Soon I was seated at the table, honing my blade. Gaspar sat across from me. He was sewing a shift of chitin-cloth.
“Master,” I said.
“Yes, Keftu.”
“Where do the Eldenes live now?”
“Nowhere in particular. They have to live as they can, doing business with one another. The Cheiropt has mechanisms to keep them from treating with phylites.”
“Why don’t they leave Enoch?”
“Some did, long ago. Their city, Darien, is said to lie far to the northwest, across Tethys, beyond the karst plateaus and the great basin. Recusants emigrate there from time to time, but no one ever hears from them again. If the Darenes still exist, they must be a people apart by now, with their own ways and customs. Most of us feel that Enoch is where we belong. We get along as we can.”
“Why are you here in the mountains?”
He smiled. “I’ve lived a long life. I did my part in the long defeat, a magus of the White Flame, the Heart of the Sun. One day it seemed that I ought to withdraw. So I came here.”
“To wait for
me?”
“Perhaps.”
“You told me earlier that you knew I was coming.”
“That’s putting it too strongly. I wouldn’t even call it a feeling. It’s something like your songlines, perhaps.”
“How long have you been here?”
“Not long at all, it seems to me,” he said. “Longer than your lifetime, though.”
“You’ve been here alone that entire time?”
“I have two books for company. The Psalter Hexaemera, of which I spoke earlier, and the book of the nature of things. The first is writ in the mazes of my mind. The second flows past the windows of my eyes.”
“Then you don’t have Sephaura,” I said. “I thought perhaps you did.”
“What is Sephaura?”
“The abstract tower of knowing. It is the first duty of the phylarchs of Arras to protect and preserve it, and to approve new additions. It has a life of its own.” Briefly, I sketched for Gaspar its layout: its solid foundations; its mansions and ordered gardens; its dynamic nodes and branches; the places where it was incomplete. “It keeps me awake at night,” I said, “knowing what must die with me, if I die. I’d hoped Eldena preserved it also.”
“Why not set it in writing?”
“That is forbidden. ‘Wisdom dies imprisoned.’“
“Did your people not write?”
“Yes, but only messages, and edicts, and things of that sort.”
Gaspar bowed his head. “Steppings from time before time and the ivory palace of knowing,” he said. “It’s a strange and vehement wisdom you bring to us from a land we thought dead. You call me Master, Keftu, but in some things it seems that you must be our master.”

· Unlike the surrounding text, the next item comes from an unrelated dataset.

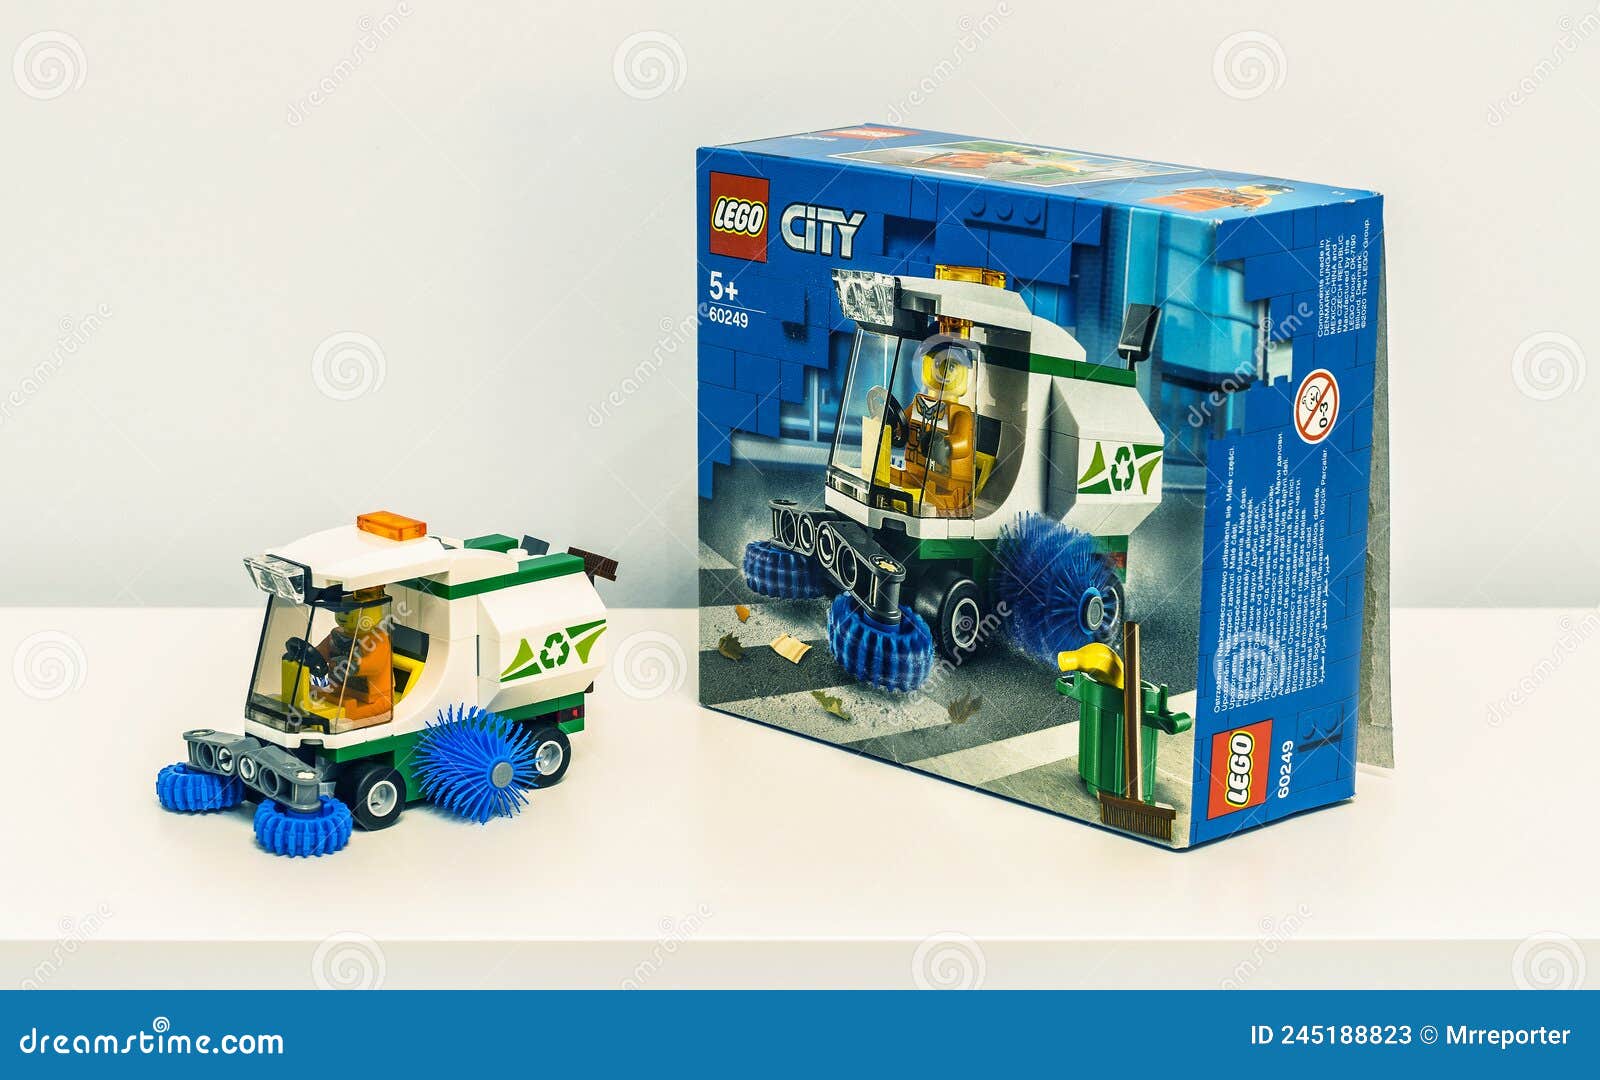 Lego City 60249 Street Sweeper Multicolor

I drew the stone along the now-gleaming edge of my blade, filling the room with its ring.
* * * * *
I set out the next morning, following stream and songline downhill, loins girt, sword at my side, a scrip over my shoulder. At midday I reached a place where the stream fell over a narrow cliff into a ravine. The swaying scale-trees arched high overhead, filling the defile with livid gloom. I slid down the moss-carpeted wall and landed on my feet in the pool.